Outdoor 802.11ac – doing it right.
October 11, 2014 2 Comments
When you talk about seeing the proliferation of 802.11ac devices, most often it’s with regard to indoor devices or at least ‘under roof’ devices. Until recently, there have been very few options for putting 802.11ac outdoors. One of the very good reasons for this wasn’t because of environmentals (you can put an indoor 802.11ac Access Point in a protective enclosure), it was about getting enough signal to and from your clients to be able to see any actual performance benefits. Cisco just launched their 1572 outdoor 802.11ac Access Point and as you’d expect, it sports many features that make it ‘a cut above the rest’.

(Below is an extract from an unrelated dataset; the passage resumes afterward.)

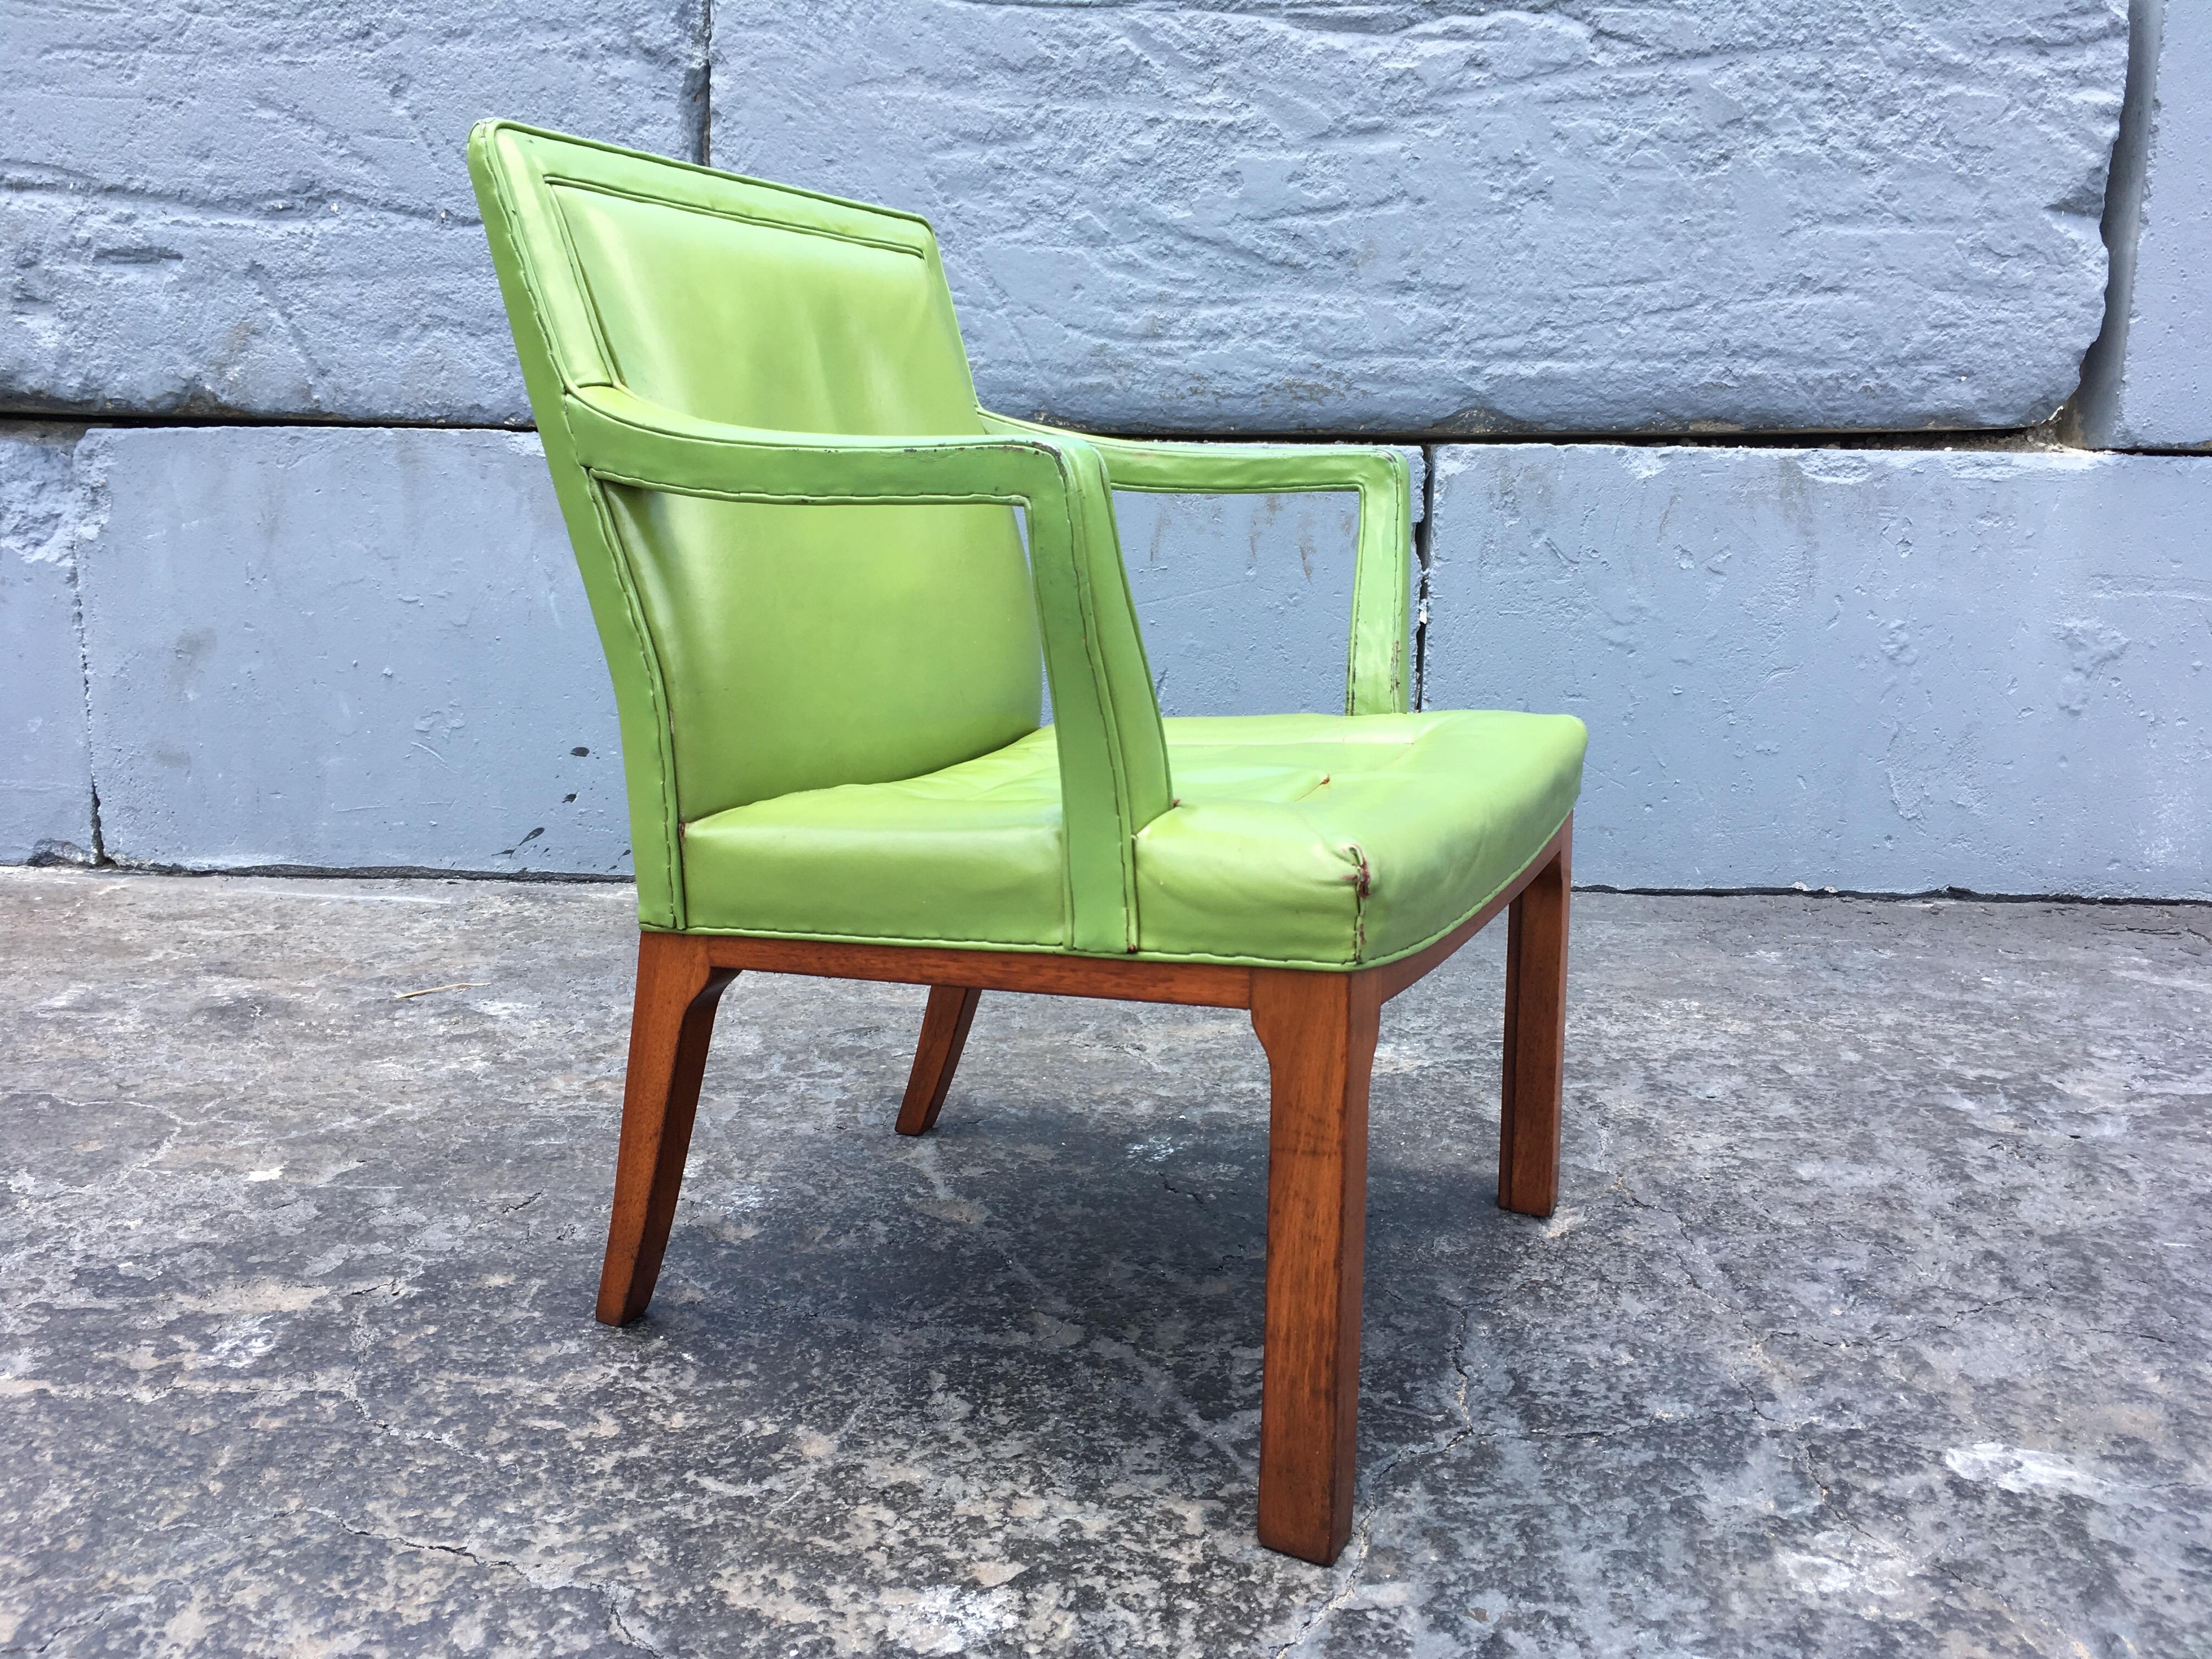 Rare green leather chair by Edward Wormley for Dunbar. Leather has some damages.

I’ve been fortunate enough to play with a unit for the past several weeks and there are two of these features that I’d like to highlight:
Feature 1) Radio performance: These things are loud. I think the phrase ‘hella loud’ is more akin to what is reality. At 30dBm transmit power in UNII-3 (here in the states, FCC), it’s significantly more than what you’d be able to get out of a typical indoor Access Point (usually caps at about 20dBm). This means that more power out gets a cleaner RF signal to your client which means better modulation, which means faster speeds. That’s only half of the story though. What stands out is that Cisco went the extra mile and dramatically improved the receive sensitivity of these radios. This means that the AP can hear the signal coming from the client more cleanly which improves the clients ability to talk faster and get off of the air sooner. In mobile clients, this is the end-game for improving battery life. When you couple both of these things with high-gain antennas, you get significantly larger cell sizes outdoors with the awesome byproduct of actually being able to *use* the AP from a distance.

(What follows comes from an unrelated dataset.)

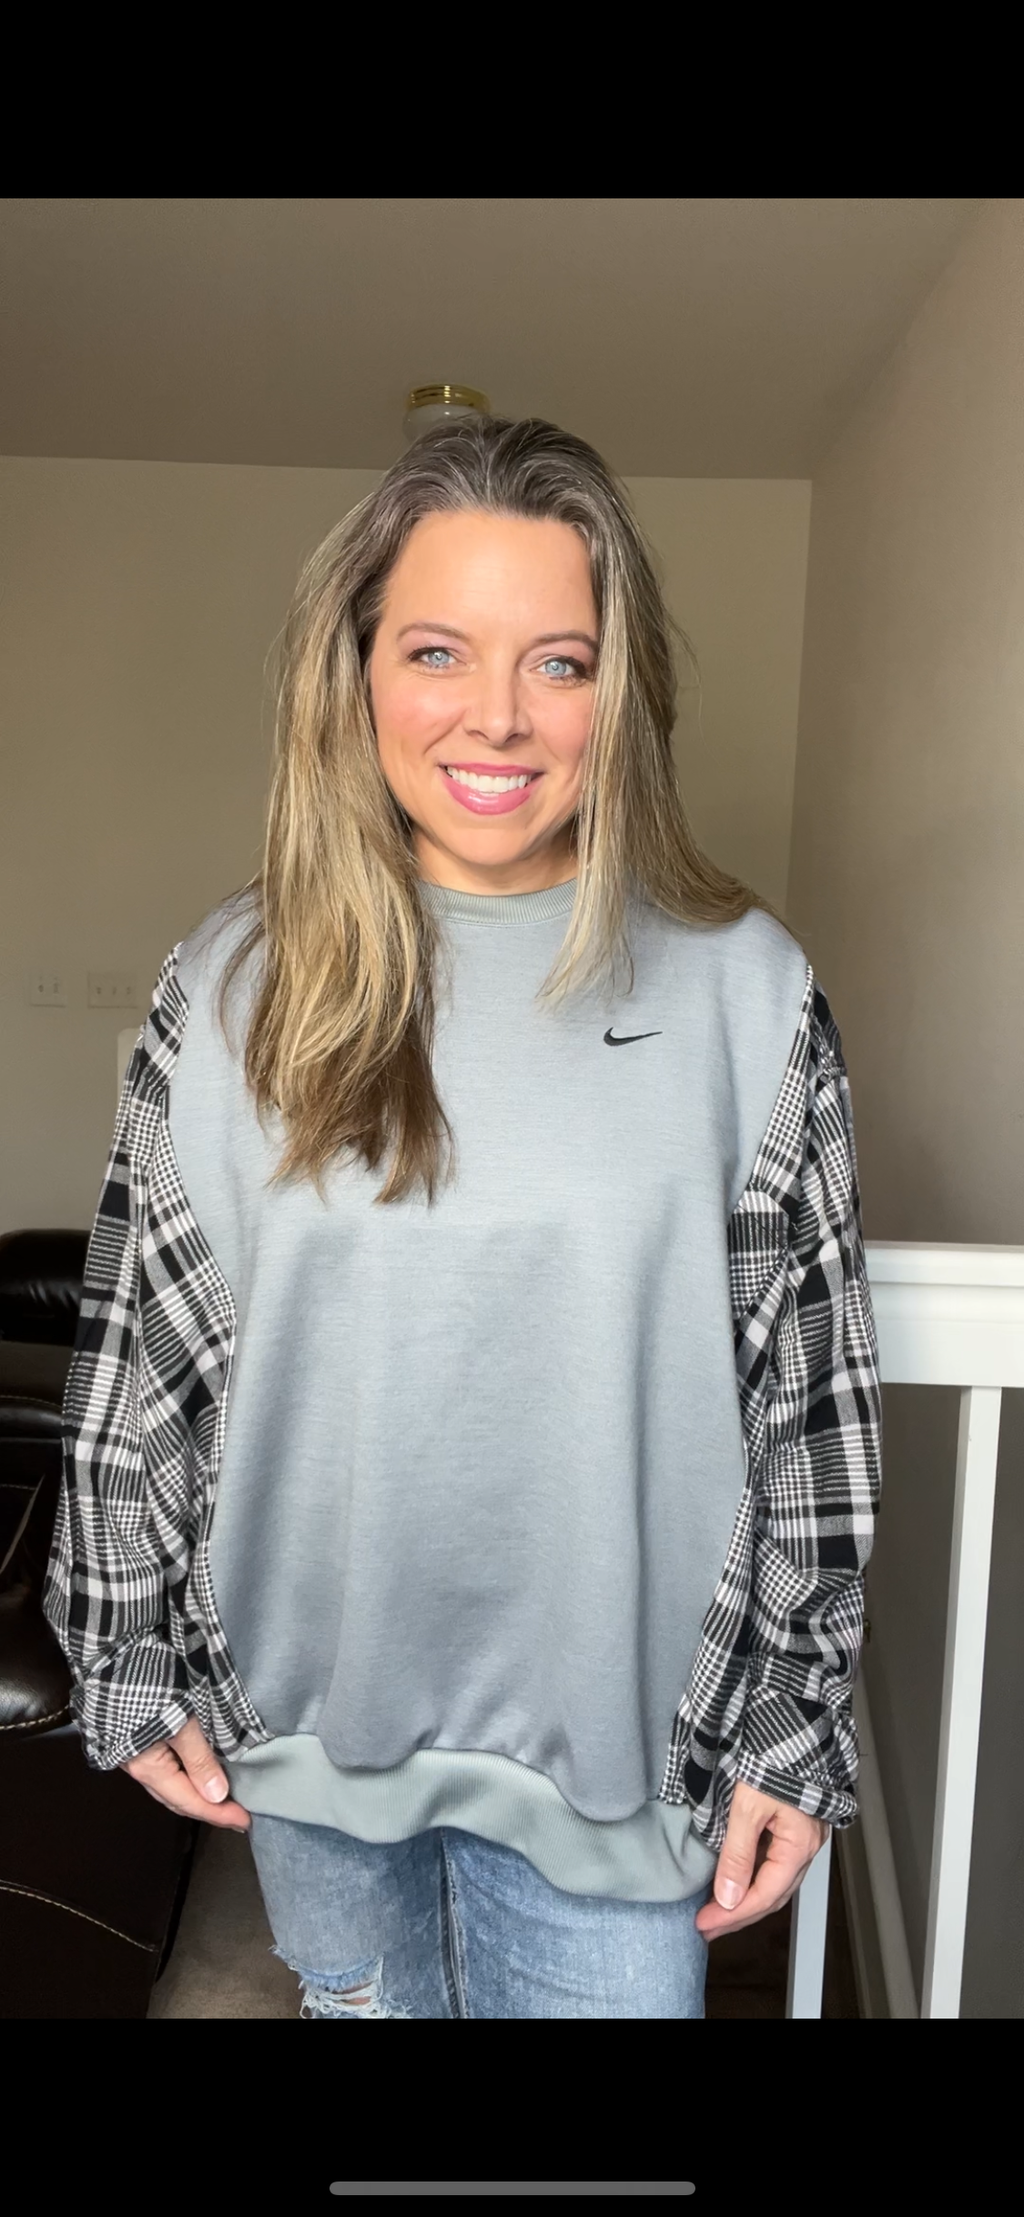 Upcycled Silver Nike – women’s XL – midweight sweatshirt with flannel sleeves ￼

For comparison, you can see a sampling of the receive sensitivity values from a competitors outdoor AP. All values represented in dBm. Don’t forget that 3dBm is twice the power so each 3dBm is the equivalent of doubling your receive sensitivity!

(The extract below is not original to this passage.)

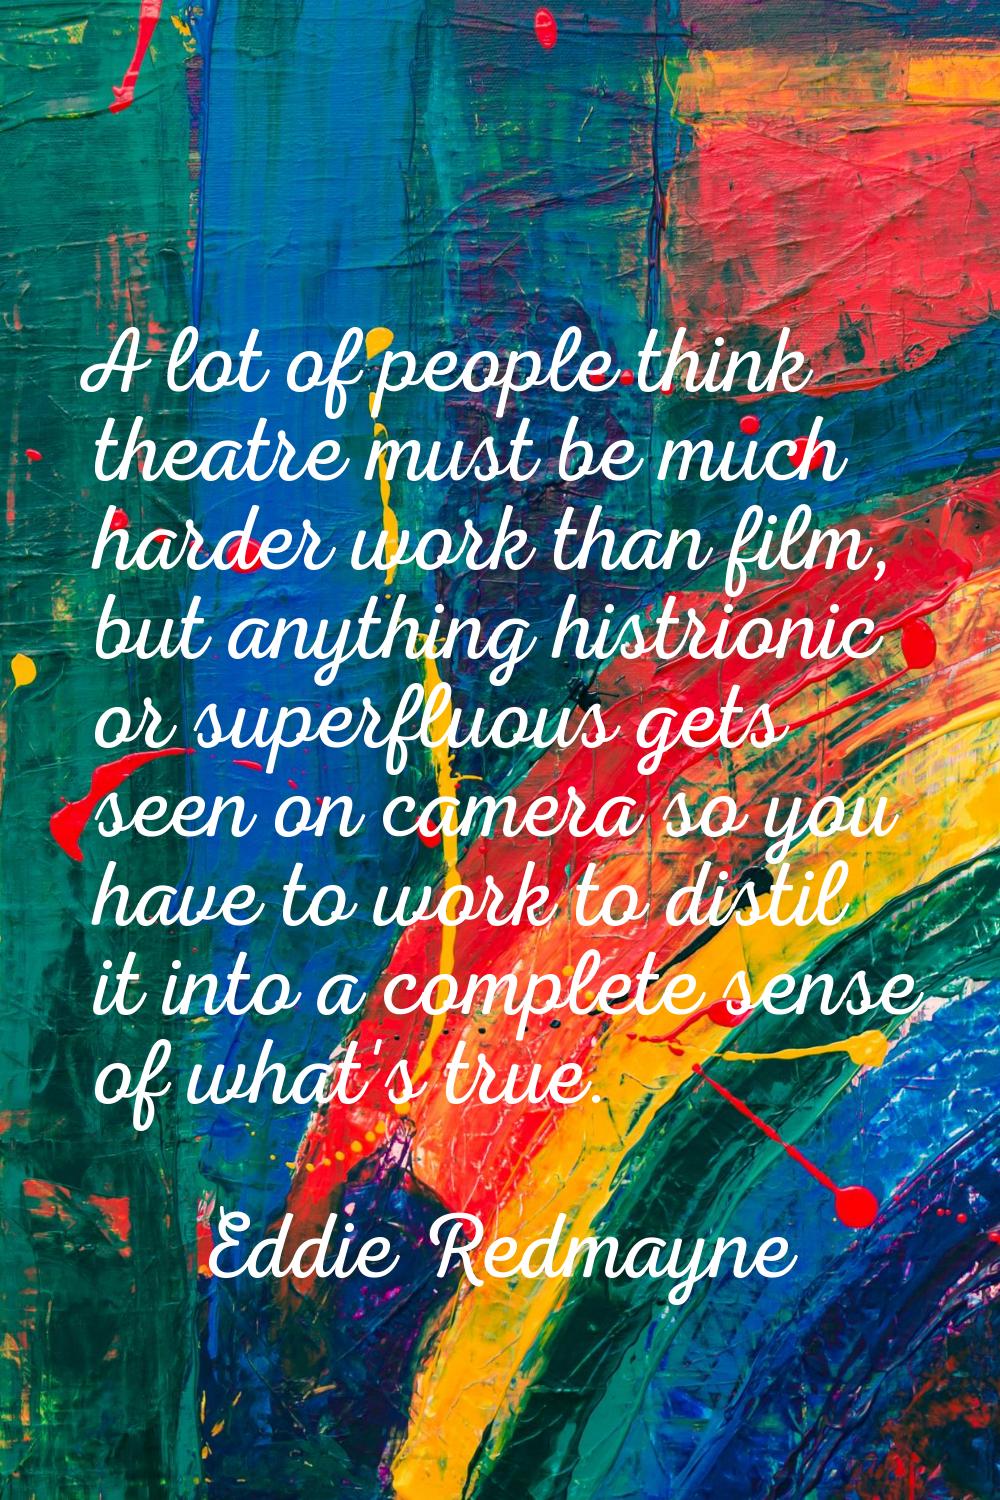 A lot of people think theatre must be much harder work than film, but anything histrionic or superf

Feature 2) PoE out. This is one of the most commonly asked feature that I find lacking in other solutions and it’s a simple one. The ability to hang a PoE powered surveillance camera off of an outdoor AP or even a PoE powered switch gives you the flexibility to take greater advantage of the investment you’re expending on the installation anyway. In short, if you’re going to run power, make it more useful to your infrastructure and business needs than ‘just to support an AP’.
If you couple these features with the other general awesomeness of the AP including ruggidization, real spectrum intelligence, 4×4 transmitters and receivers for 3 spatial streams, Fiber and cable uplink options, and field upgradability makes this the outdoor 802.11ac Access Point that you wish you had.
An enhancement compared to 1532 which lacked CleanAir and was only dual-band MIMO 2×2:2. Do you have 1570 data sheet or more info on specs?
Rx Sensitivity is huge plus on the 5GHz radio, not sure if there’s much value on 2.4GHz radio without RX SOP value changes.